The US Food and Drug Administration has said that a menthol ban is a “top priority,” but public health advocates have accused the Biden administration of dragging its feet, and the ban has gotten caught up in election-year politics despite research showing clear health benefits.

The new research, published Wednesday in the journal Nicotine & Tobacco Research, looked at studies that have examined the effects of bans in more than 170 US localities, two states, several countries and the European Union.

The researchers did a deep search of English-language studies on tobacco use that were published through November 2022.

The pooled results show that about a quarter of menthol smokers quit within a year or two when the substance is banned from cigarettes.

They found that of the menthol smokers who did not quit after bans were put into place, about half switched to non-menthol cigarettes, 12% switched to other flavored tobacco products, and another quarter found a way to continue smoking menthols.

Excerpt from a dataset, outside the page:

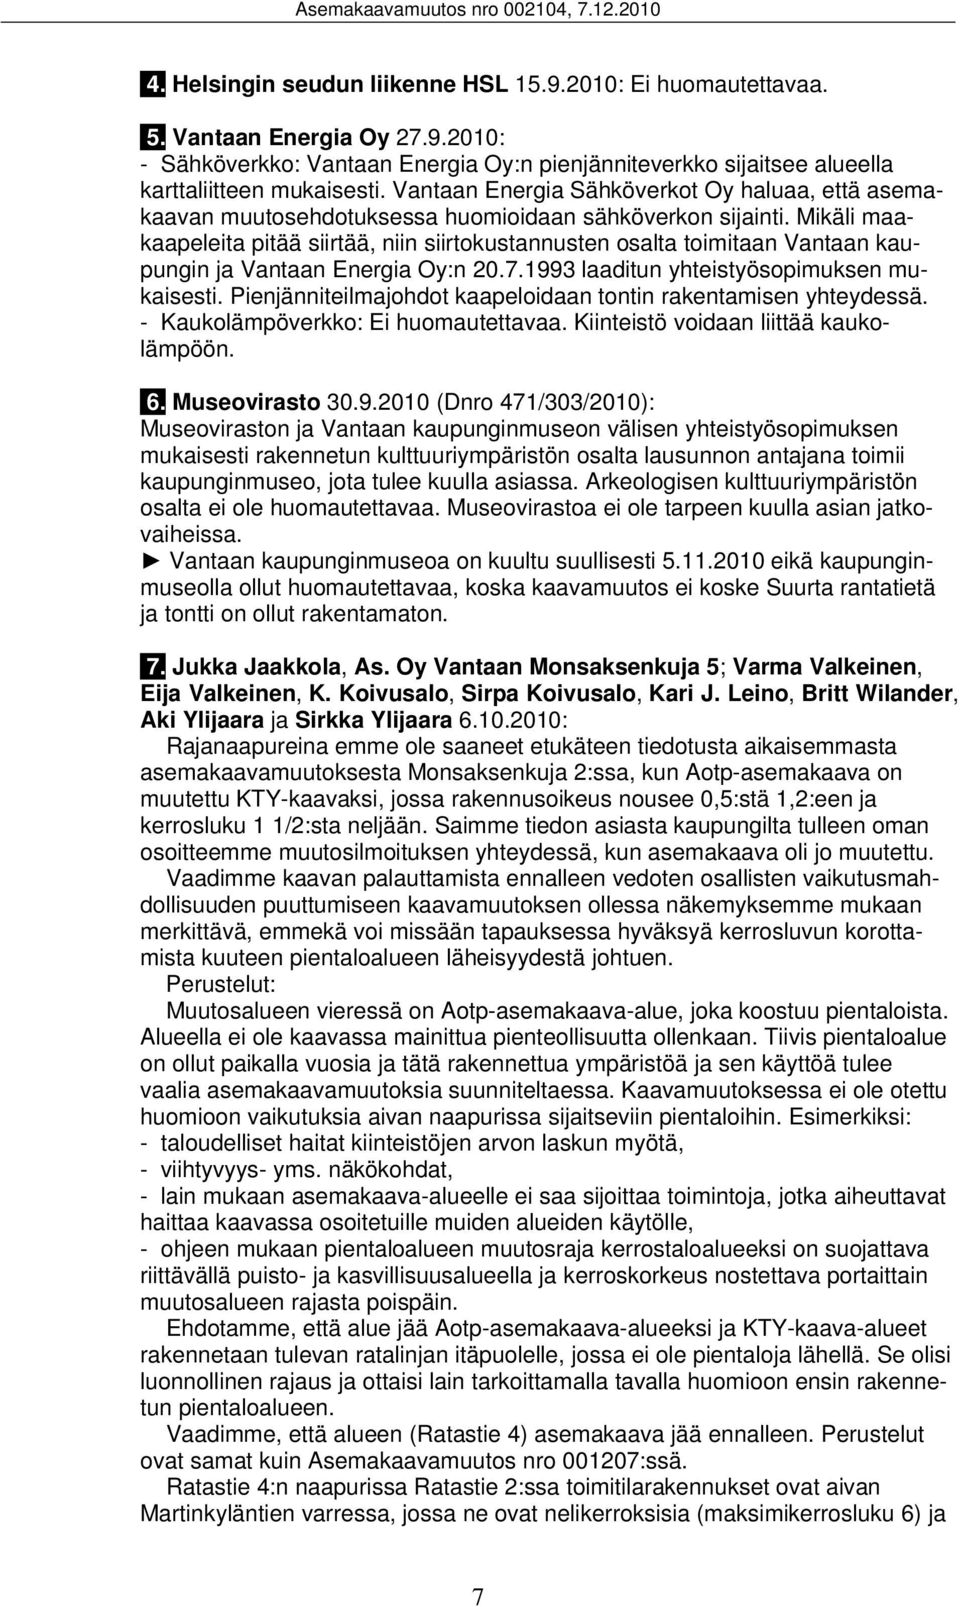 Mikäli maakaapeleita pitää siirtää, niin siirtokustannusten osalta toimitaan Vantaan kaupungin ja Vantaan Energia Oy:n 20.7.1993 laaditun yhteistyösopimuksen mukaisesti.

National bans seemed to be most effective, the studies showed. Menthol cigarette smoking rates were lower in settings with national bans and highest when there were only local or statewide bans.

The tobacco industry has argued that a nationwide ban could make it dangerous for menthol smokers who would seek out illegal cigarettes, leading to violent encounters with police. However, the research did not turn up any evidence that bans created surges of people who turned to a black market for menthol cigarettes.

“Contrary to claims by the tobacco industry, we did not see an increase in the use of illicit products,” study co-author Dr. Sarah Mills said.

“This review provides compelling evidence that the US Food and Drug Administration should move forward with banning the sale of menthol cigarettes,” said Mills, an assistant professor in the Department of Health Behavior at the Gillings School of Public Health.

Smoking is the No. 1 cause of preventable death in the US. Even if just a quarter of menthol smokers quit, it could improve the health of thousands of people.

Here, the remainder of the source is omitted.